Brazil's Olympic anti-doping system barely beats regulation deadline
New doping lab promises it's ready to handle more than 6,000 samples
Anti-doping is an international game of "the mouse and the cat," says Henrique Pereira. In Brazil, he's in charge of the cats.
"There's no end to this kind of job, but that's what motivates us," Pereira says as he gives the CBC a tour of Brazil's anti-doping lab. He's proud of the new $25-million facility in Rio, of which he's vice-director. It was built to analyze more than 6,000 samples during the Olympics. But the political chaos in Brazil came dangerously close to derailing a key Olympic milestone, which could have rendered all the technology on display useless during the Games.
Just across the street from Brazil's new anti-doping lab is the old lab. In 2013, the World Anti Doping Agency (WADA) stripped its certification for being too old and not having enough qualified staff. During the 2014 World Cup in Brazil, they had to send each sample to Europe for testing, incurring enormous costs and lengthy delays.
"It's one thing to do this kind of management of samples in the World Cup," Pereira says. "It's very important, but a small number of samples. For the Olympic Games, from my perspective, it would be impossible."

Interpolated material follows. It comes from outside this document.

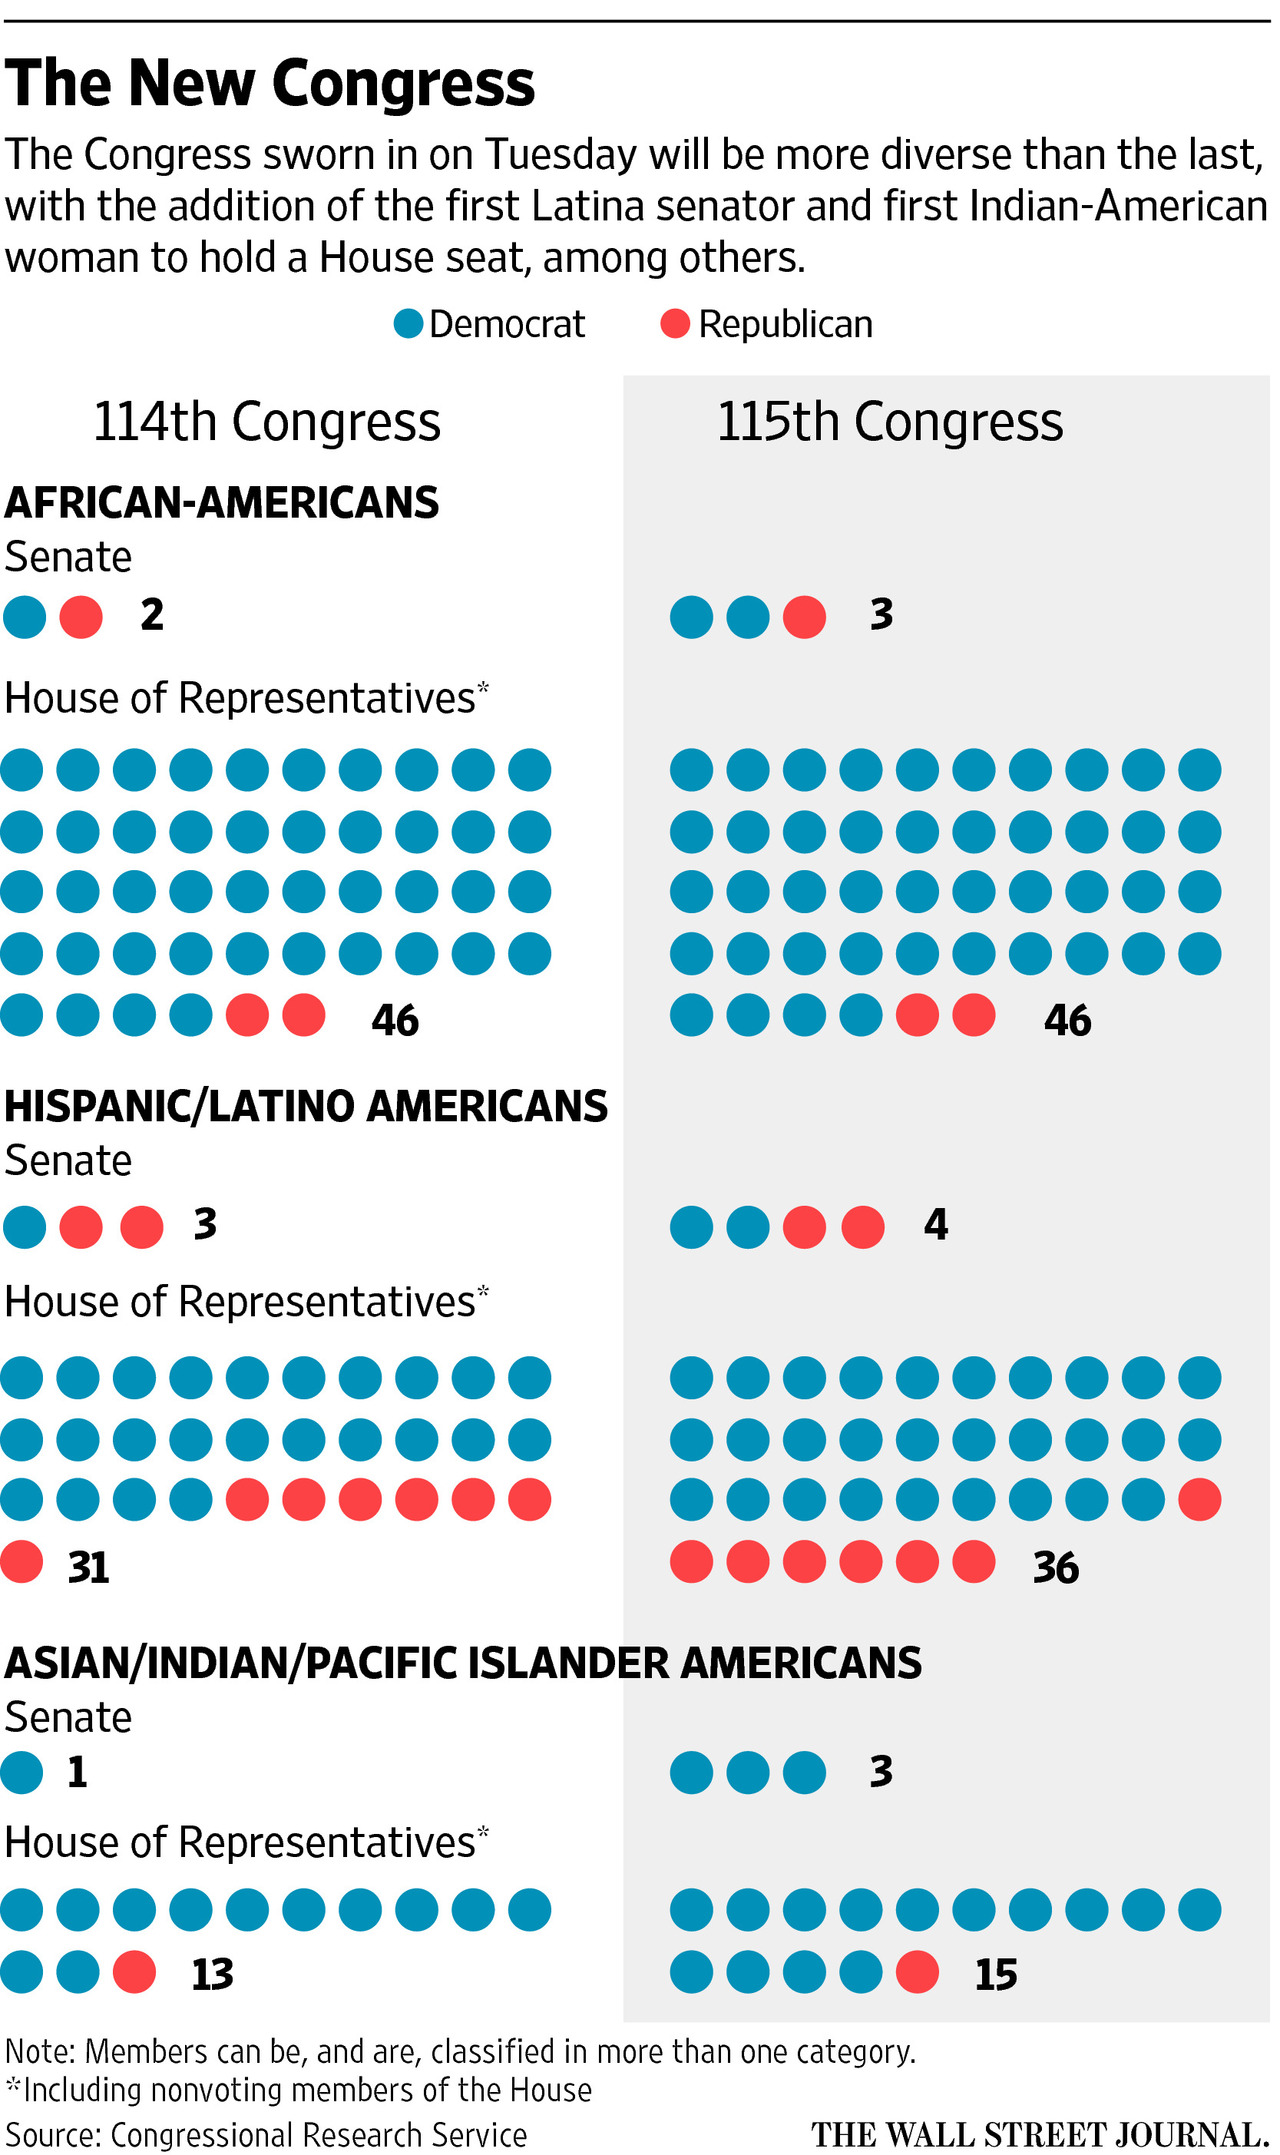 Congressional diversity

"Now we are living a new reality," Pereira says. "After the investment of the federal government, we have a new building, new staff, new machines, so it's almost a new life."
Right now, doping tests are done in one room. During the Olympics, it will take over the entire building. Testers will operate in three shifts, 24 hours a day, testing not just for 700 known banned substances but also for things that athletes might use in the future, like "gene doping."

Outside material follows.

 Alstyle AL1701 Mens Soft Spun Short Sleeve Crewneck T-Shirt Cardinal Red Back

Brazil's scientists are aware that no Olympic anti-doping program will work if the system around it is broken or, as was recently the case in Russia, found to be corrupt. Brazil is currently in chaos due to a multibillion-dollar corruption scandal that has implicated the former president, and another financial scandal involving the current president.
"If someone does something wrong, sooner or later that will be exposed," Pereira says. "Because there's so many stakeholders around the project that it's impossible to keep a bad thing quiet and in the shadow for a long time."